§ SUPPLIED MATERIAL
******
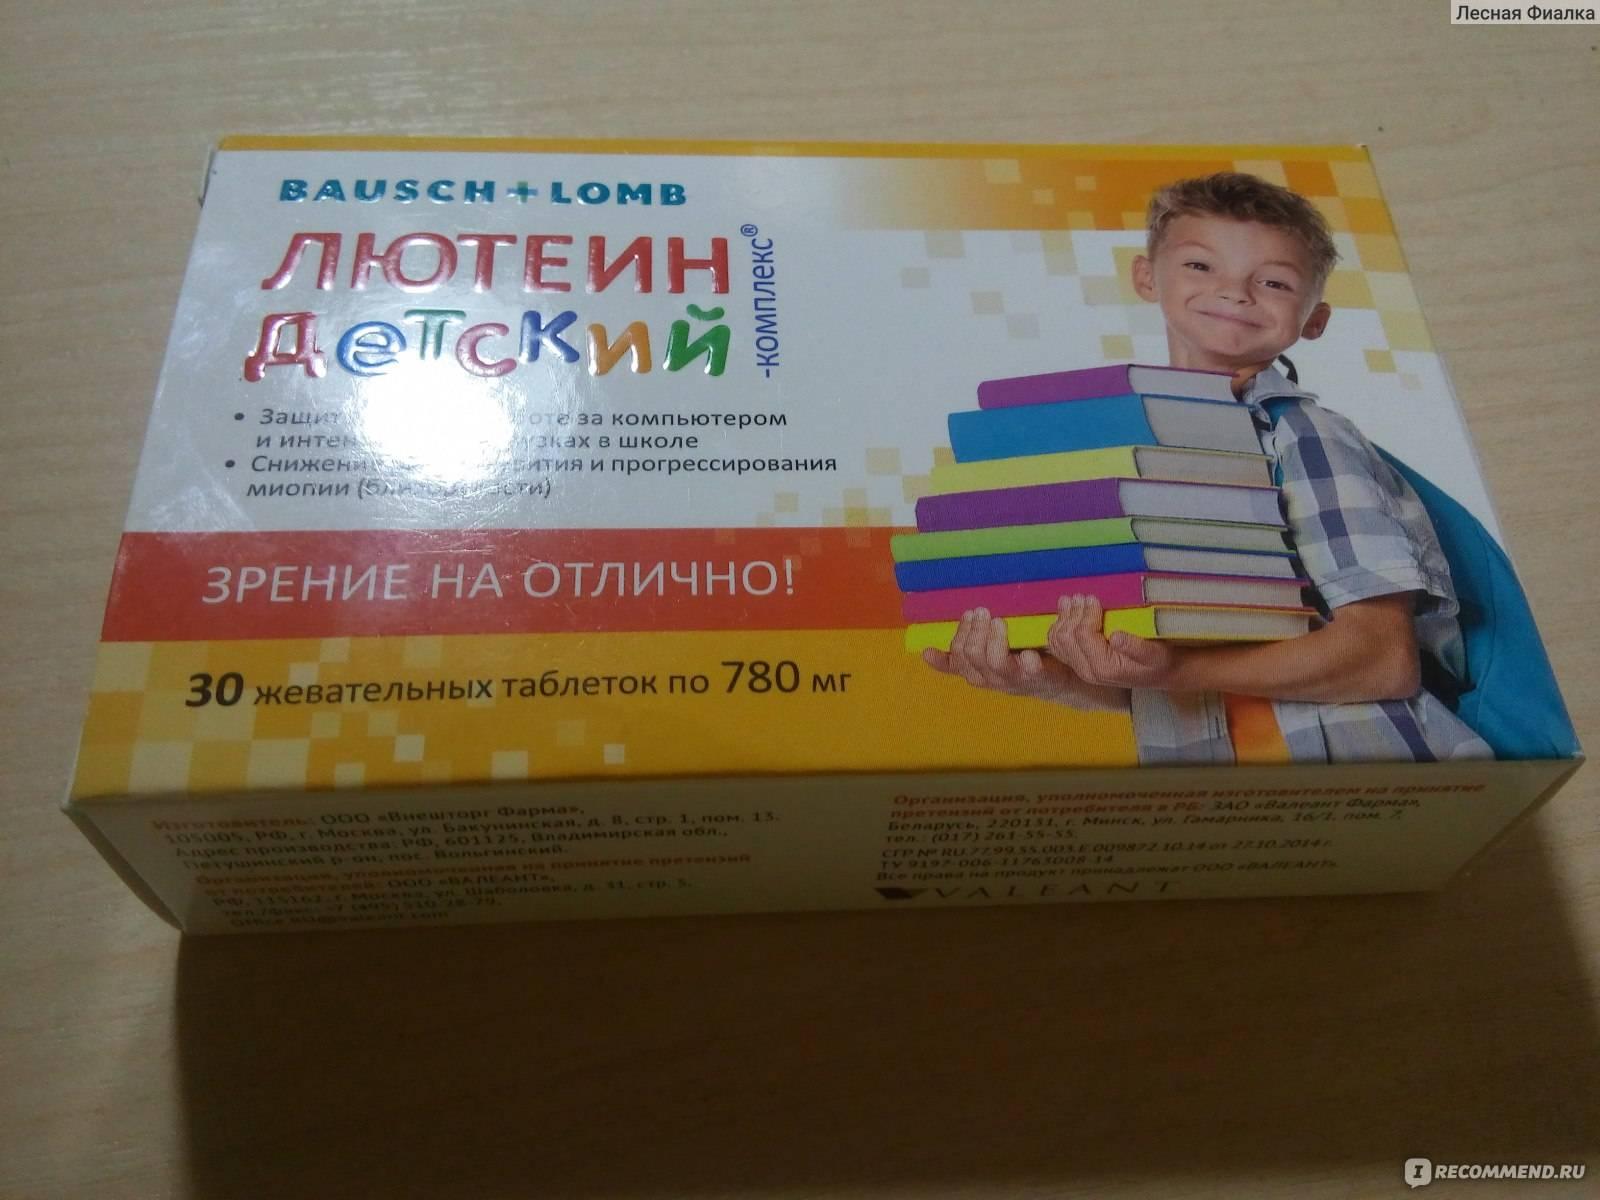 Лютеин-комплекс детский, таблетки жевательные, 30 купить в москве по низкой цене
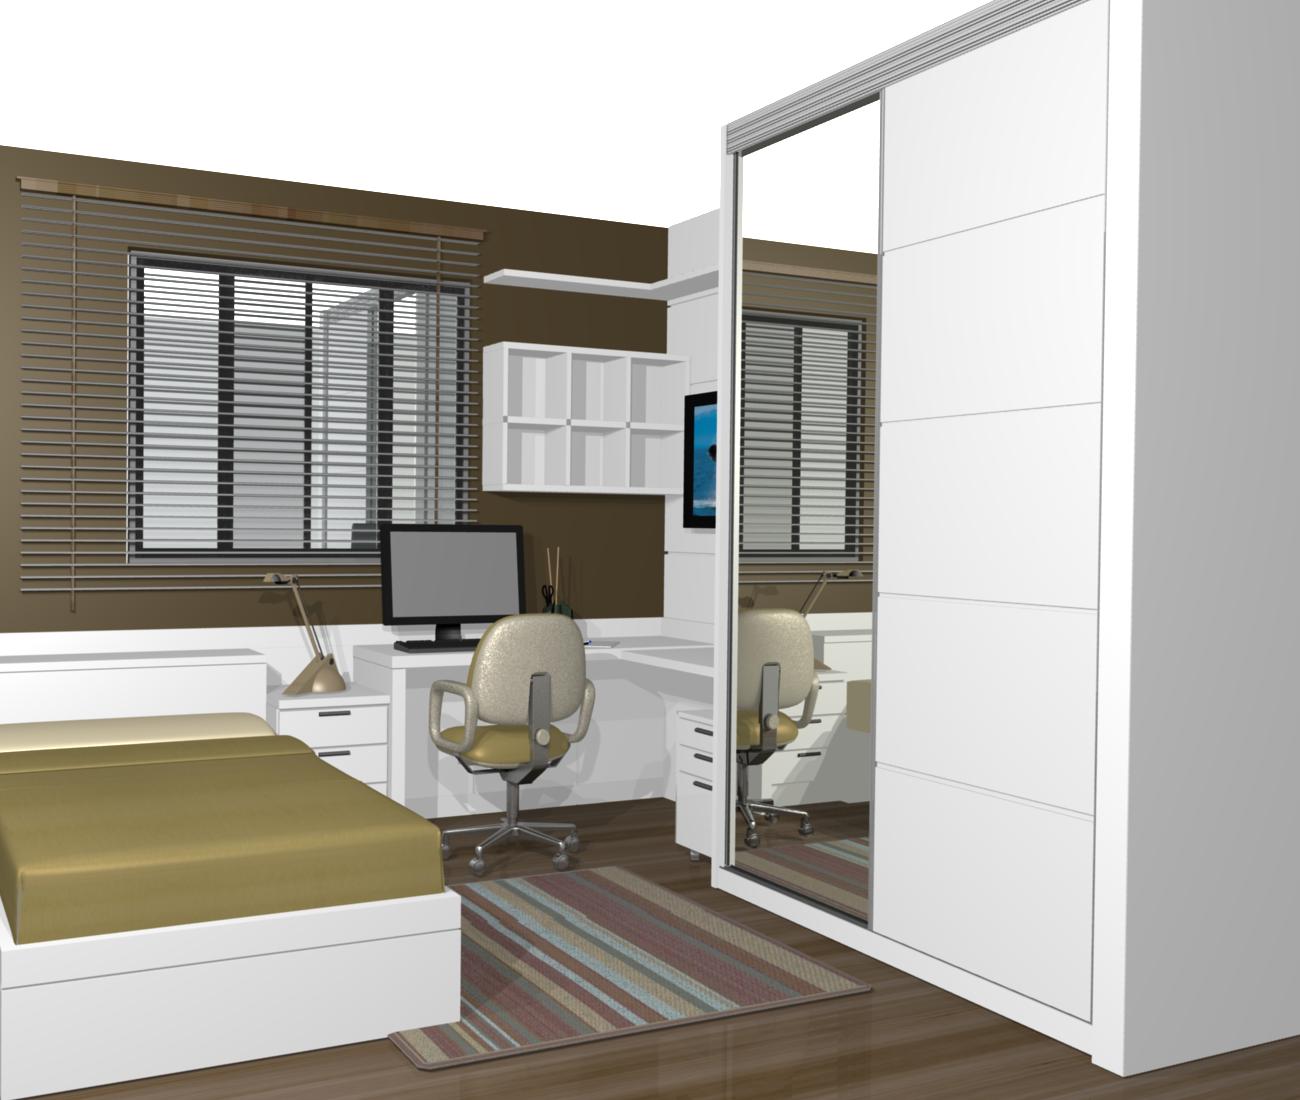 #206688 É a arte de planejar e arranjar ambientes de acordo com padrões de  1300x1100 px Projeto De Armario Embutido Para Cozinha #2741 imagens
******
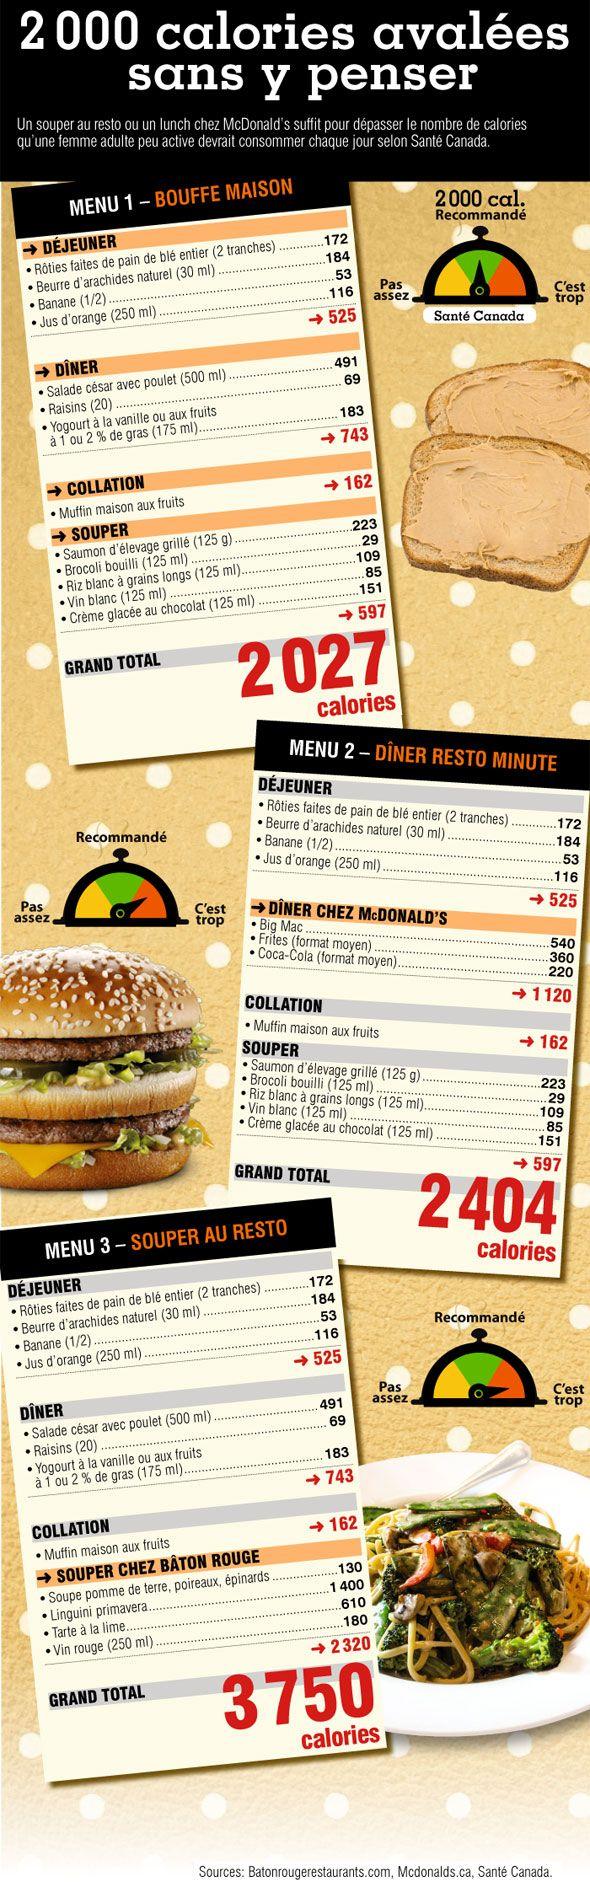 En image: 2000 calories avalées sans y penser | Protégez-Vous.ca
******
Within the listing above, copy exactly the lines that start at the one with "Лютеин-комплекс детский, таблетки" and continue through the one with "#206688 É a". Omit pictures.

§ SOLUTION TO THIS PROBLEM
 Лютеин-комплекс детский, таблетки жевательные, 30 купить в москве по низкой цене
 #206688 É a arte de planejar e arranjar ambientes de acordo com padrões de  1300x1100 px Projeto De Armario Embutido Para Cozinha #2741 imagens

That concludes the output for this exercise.